I should also remind all those in Bristol that the Ero Guro programme is going to be followed by a late night double bill of pink films directed by Yojiro Takita, last year’s recipient of the Best Foreign Language Film Oscar for the melodrama Departures. Both films are part of Takita’s celebrated Train Pervert or Molester Train series from the 1980s, which I write about at some length in Behind the Pink Curtain, and are being presented in association with the US-distriburor Pink Eiga, who’ve released them on DVD. Details about Sexy Time Trip Ninja can be found on their website here and, for Groper Train: Search for the Black Pearl, here.

Naoyuki Niiya's Man-eater Mountain.
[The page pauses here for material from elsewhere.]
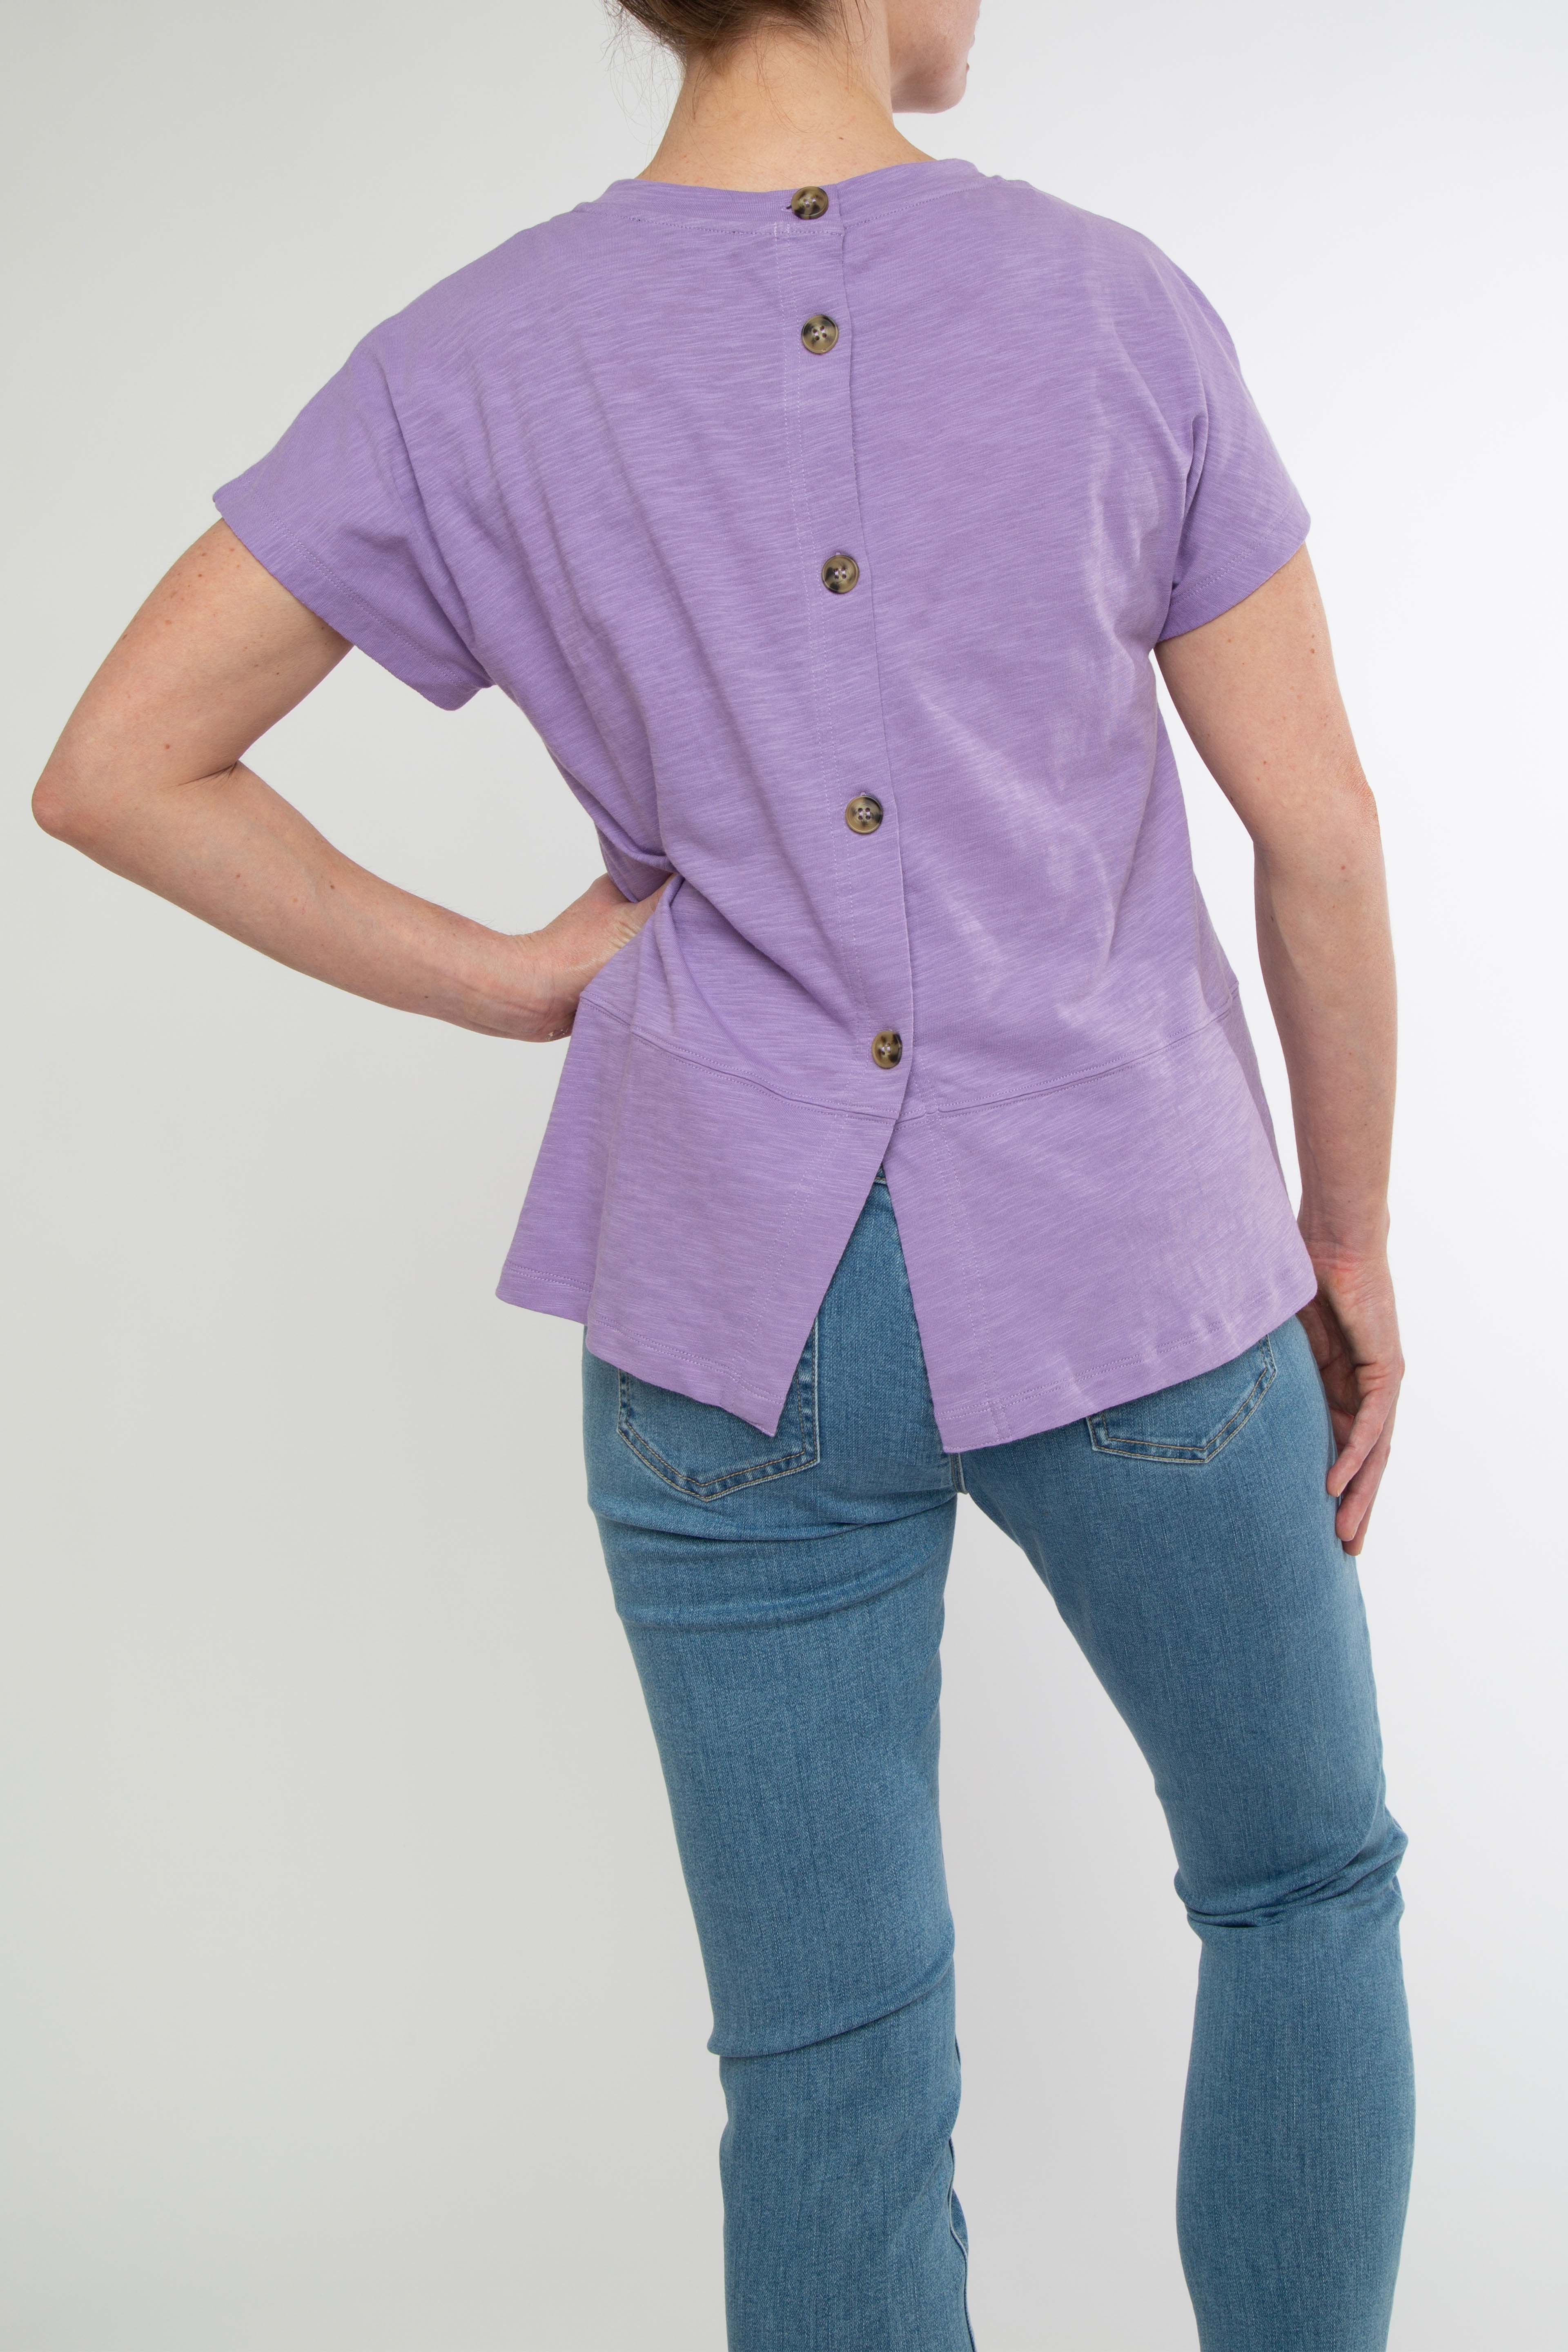 PING PONG BUTTON BACK TEE - WISTERIA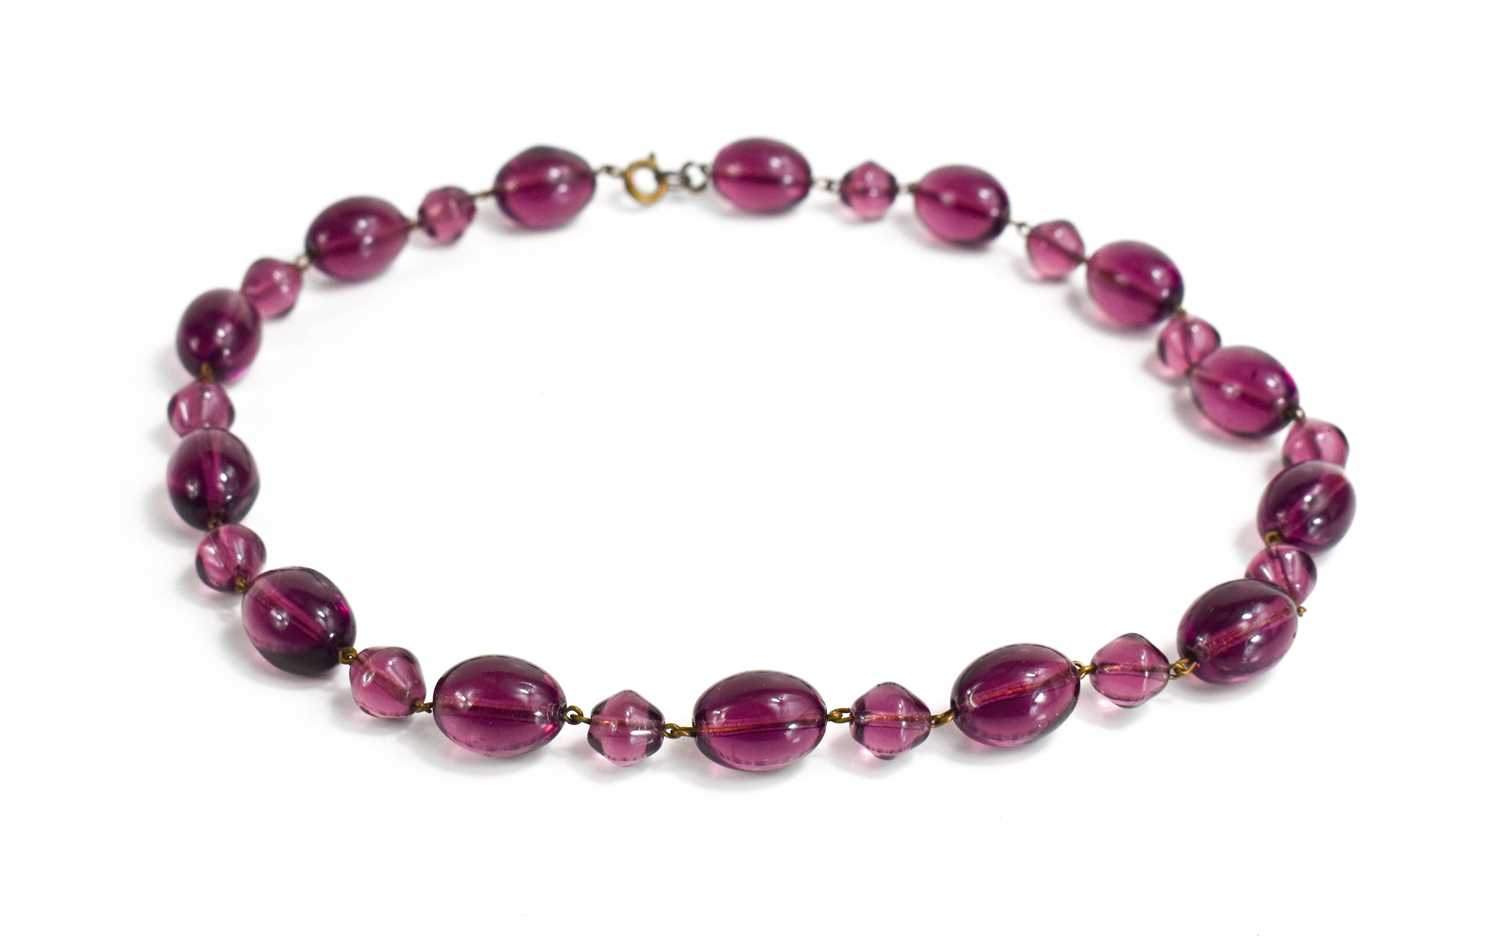 An antique amethyst beaded necklace, 49g, 40cm long.

Definitely not one for the kids!

But back to the animation. I first caught Man-eater Mountain earlier this year when I was Yubari Film Festival (see my Yubari report from March), and I don’t think it’s an exaggeration to say that I have honestly never seen anything like it before. This isn’t animation as such, as the individual scenes don’t actually move. Director Niiya himself describes it more accurately as a kami-shibai or paper theatre animation, after the form of sideshow story-telling popular with children in the prewar period, although I’d have to say, I personally wouldn’t show this film to kids, as there’s some pretty strong stuff in here, particularly during the demonic orgy set at the portal to hell during the climax. This is the stuff of a particularly fervid imagination, a heady brew of ancient Japanese folklore, Edogawa Rampo and HP Lovecraft, beautifully illustrated by Niiya, who also performs all the voices of the characters, with the atmospheric soundscape provided by Kochi. Yubari was also responsible for the revival of Midori: The Girl in the Freakshow, a notorious title from the world of underground animation directed by Hiroshi Harada (and reviewed a few years back on Midnight Eye by Johannes Schonherr). Powerful stuff too, I thought, so this is why you’re seeing a selection of both Niiya and Harada’s quite unforgettable films at this years Zipangu.

Midori: The Girl in the Freakshow - Classic ero guro from Hiroshi Harada.

Such underground indie titles point to the fact, as I often like to point out, that there is a whole lot more to Japanese animation than anime, with its parade of magic girls, pocket monsters, cyborgs and slathering tentacular beasts. Since at least the beginning of the postwar period, there have been a host of individuals exploring the full expressive potential of the animated medium, operating outside of the commercial industry and pushing its artistic limits to the extreme – figures such as Kihachiro Kawamoto, Tadanari Okamoto, Koji Yamamura, Tomoyasu Murata and Kunio Kato, to name but a few. Its pretty difficult for most of us to even find out about the work of most of these practitioners of what is sometimes referred to in Japan as “Art Animation”, a slightly misleading term for what is essentially independent animation. The best place to look is Cathy Munro Hoates wonderful Nishikata Film Review blog – an occasional Midnight Eye contributor, Cathy is currently researching a book on this less commercial side to Japanese animation.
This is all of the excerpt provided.